Alexander Chika Okafor is a multimillionaire with a finger in many businesses, from construction and mining to oil and gas exploration. It all started when he was a boy selling newspapers and eggs.
Alexander Chika Okafor has avoided the trappings of wealth that many in his position cling so desperately to. He answers his own phone, has no swanky corporate communication executive as a gatekeeper, and you won’t find conversations with him infused with trendy buzzwords. His response is precise and straightforward, with just enough color to paint a detailed picture so even someone with little knowledge of his business will begin to understand just how far he has come.
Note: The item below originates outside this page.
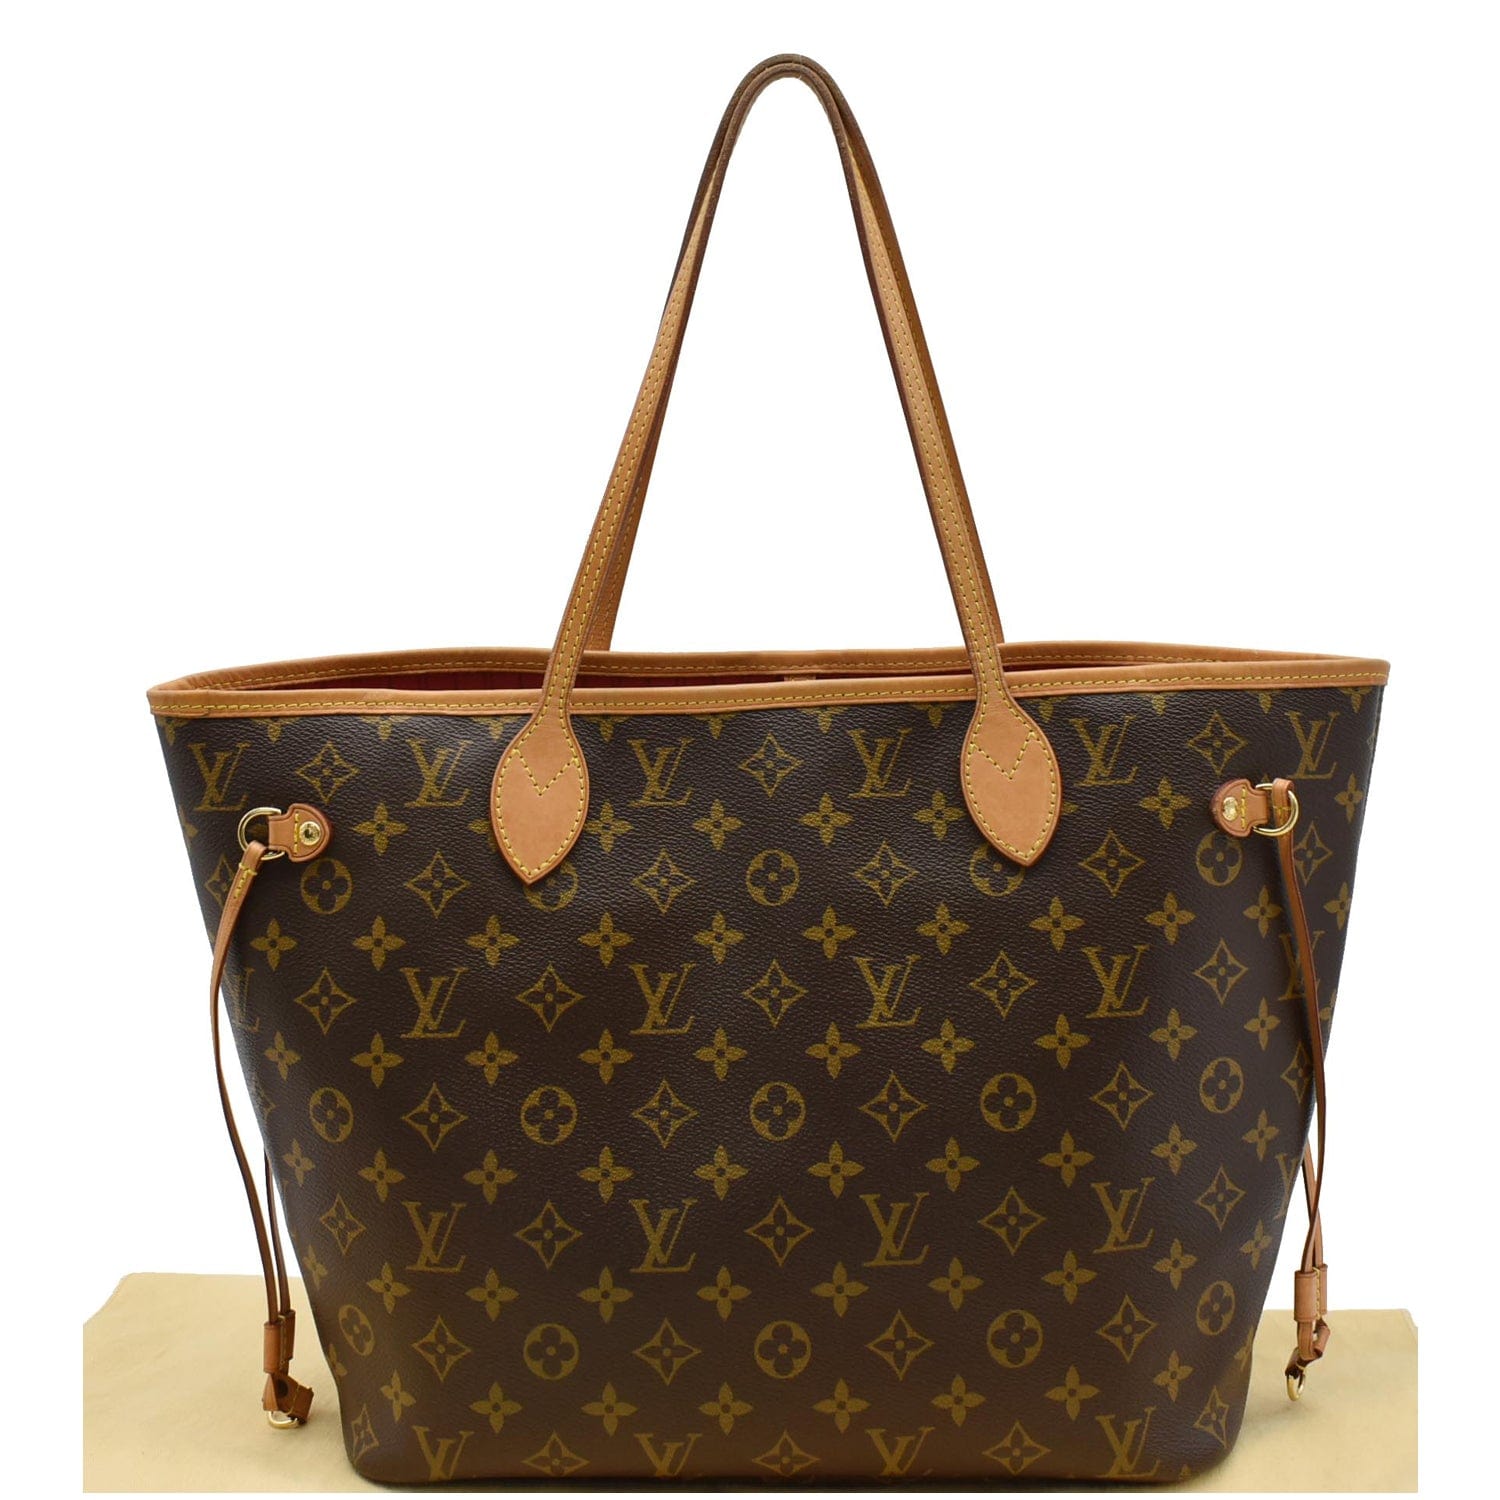 Other, Louis Vuitton Heavy Duty Bag In Chocolate Color Writing In Darker  Brown
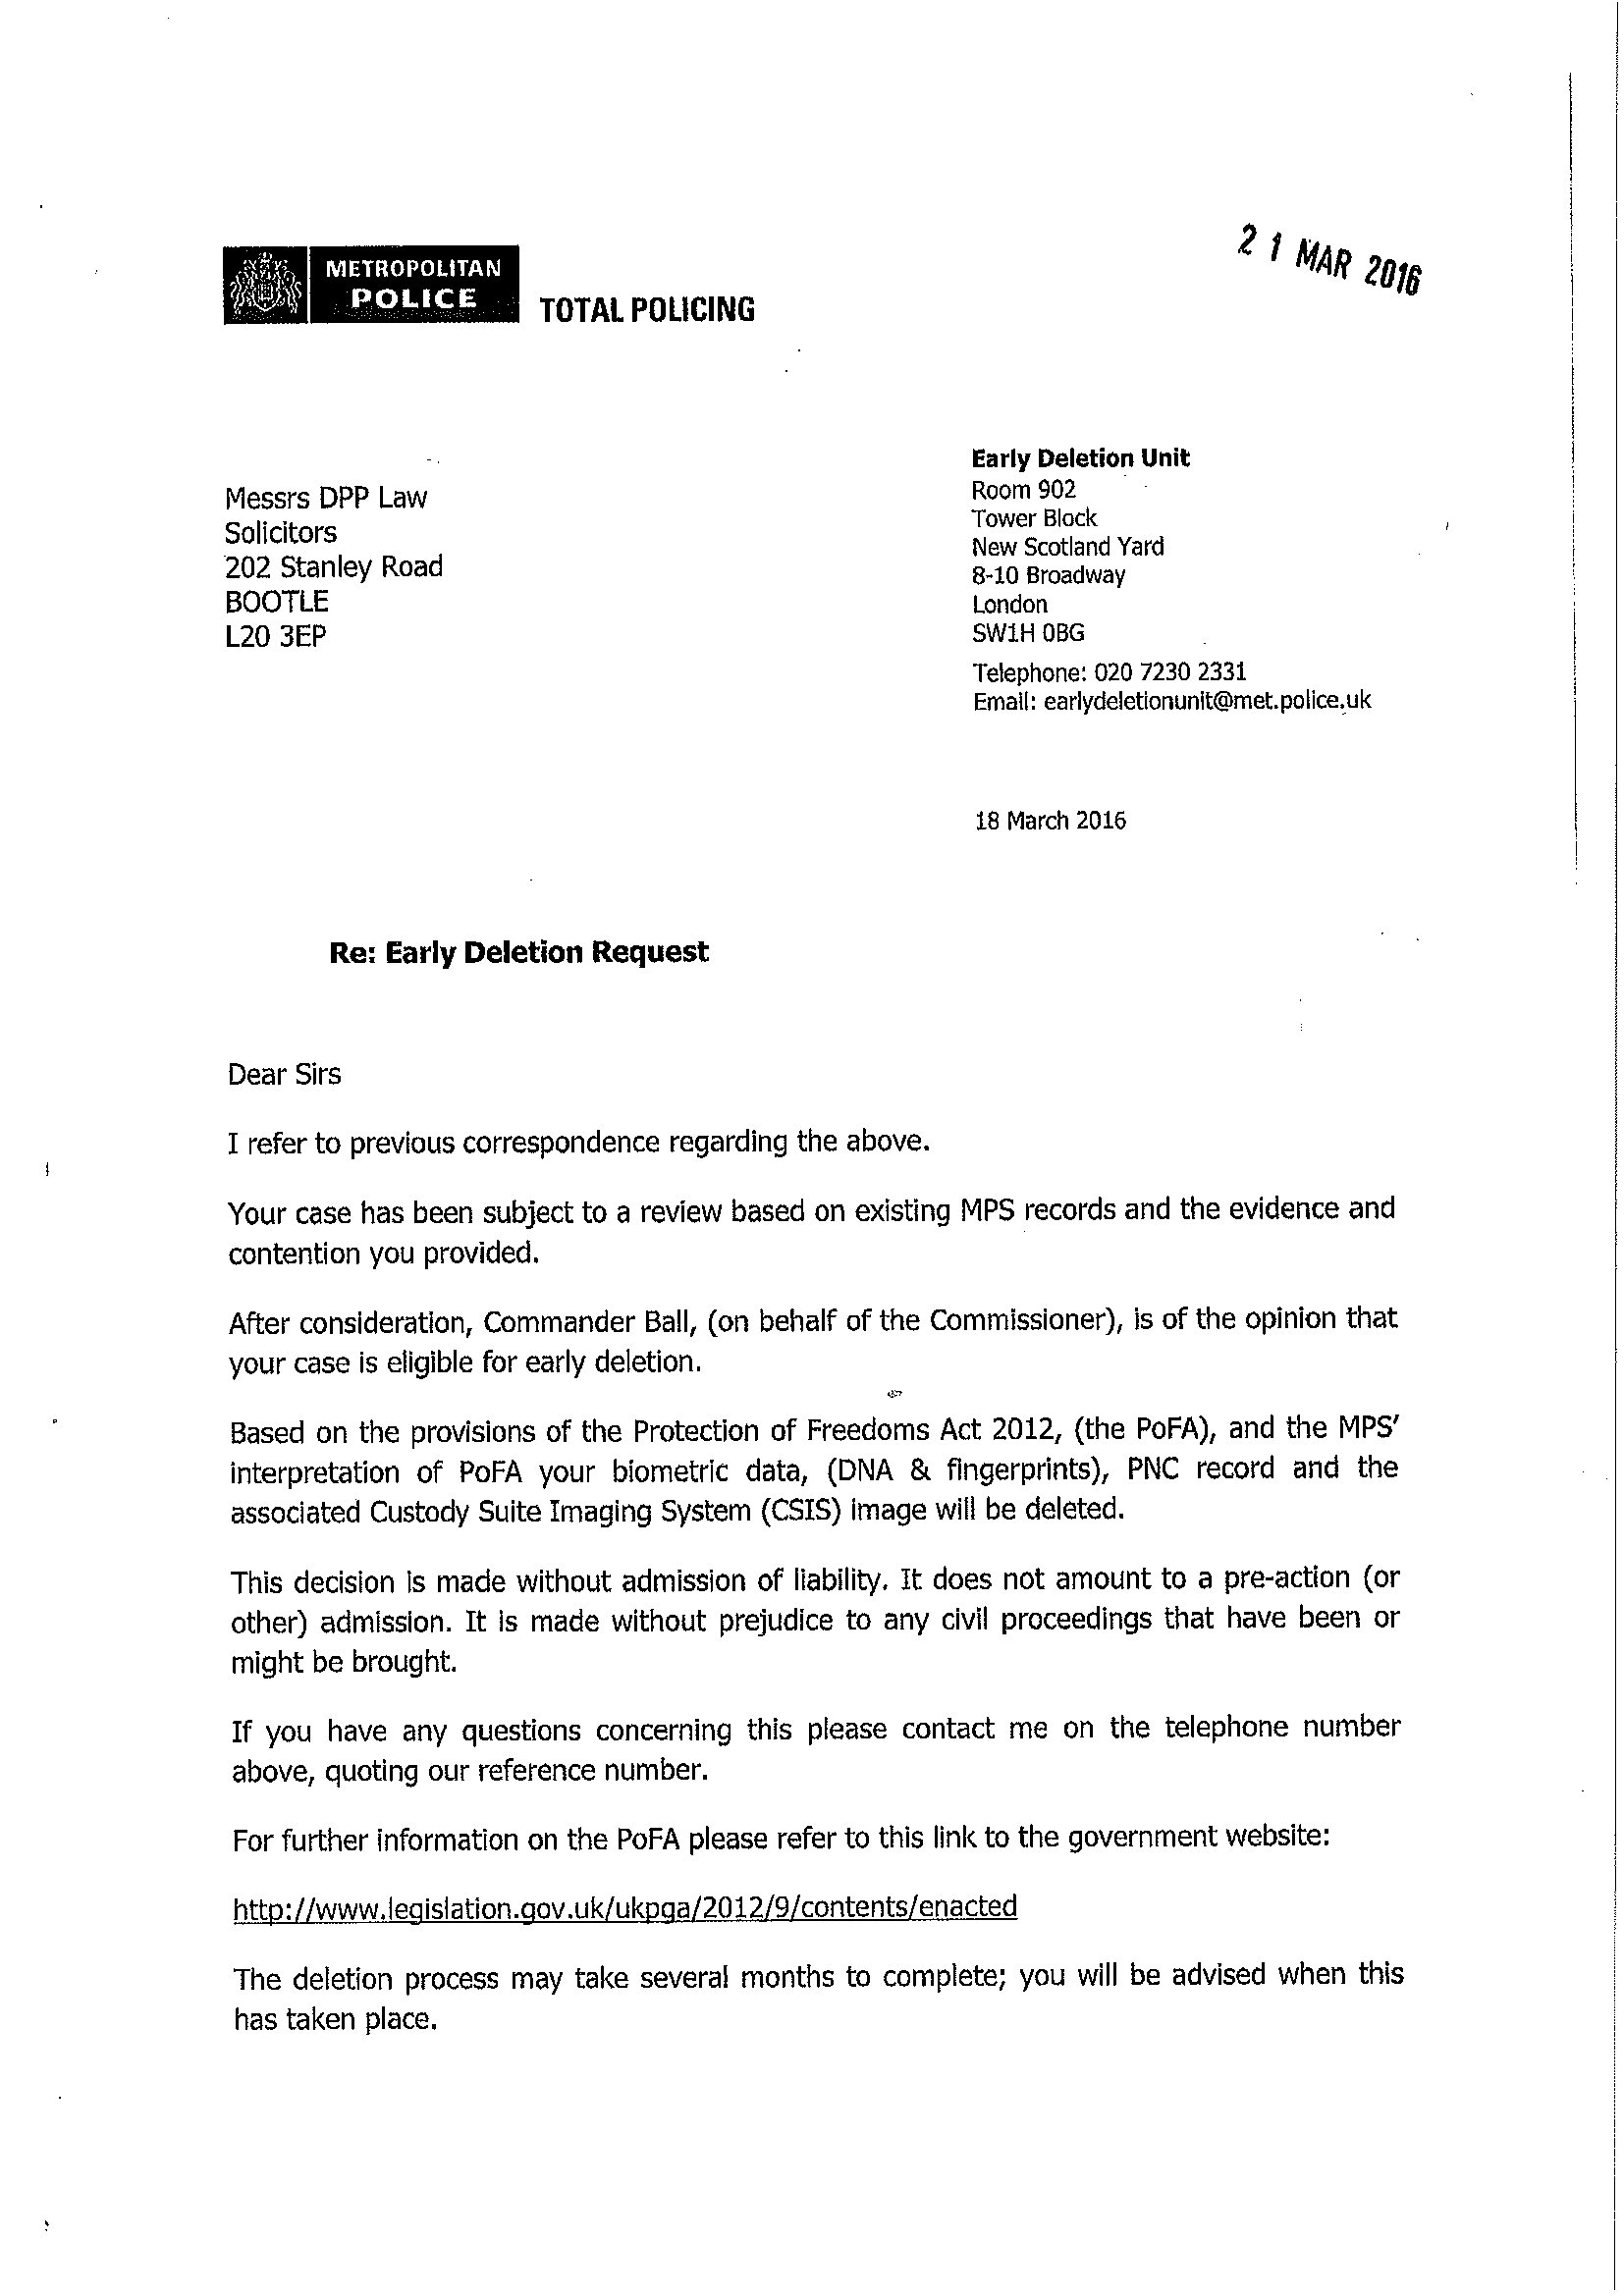 The Metropolitan Police wrote this letter to solicitor Iain Gould about deletion of records from their police systems.

The 60-year-old Okafor is the executive chairman and founder of the Chicason Group, which has interests in oil and gas, mining, real estate, transport and manufacturing. Okafor maintains a handson approach to driving the business that has taken more than 36 years to build. That journey began as a street trader during the Biafran war in Nigeria.
“I came from a poor family. My mother was a fish seller and my father was a farmer and wine tapper. My mother valued education because she didn’t have the opportunity so she wanted all her children to have an education. I was in primary two, in 1966, when the civil war started but we still went to school until 1967 when they shut down all the schools,” he says.
Okafor epitomizes self-reliance. He had to fend for himself and his mother at the age of eight following the death of his father. Okafor started by helping his mother sell akara (bean cake) and before long expanded into more lucrative business ventures.
This story is from the November 2017 edition of Forbes Africa.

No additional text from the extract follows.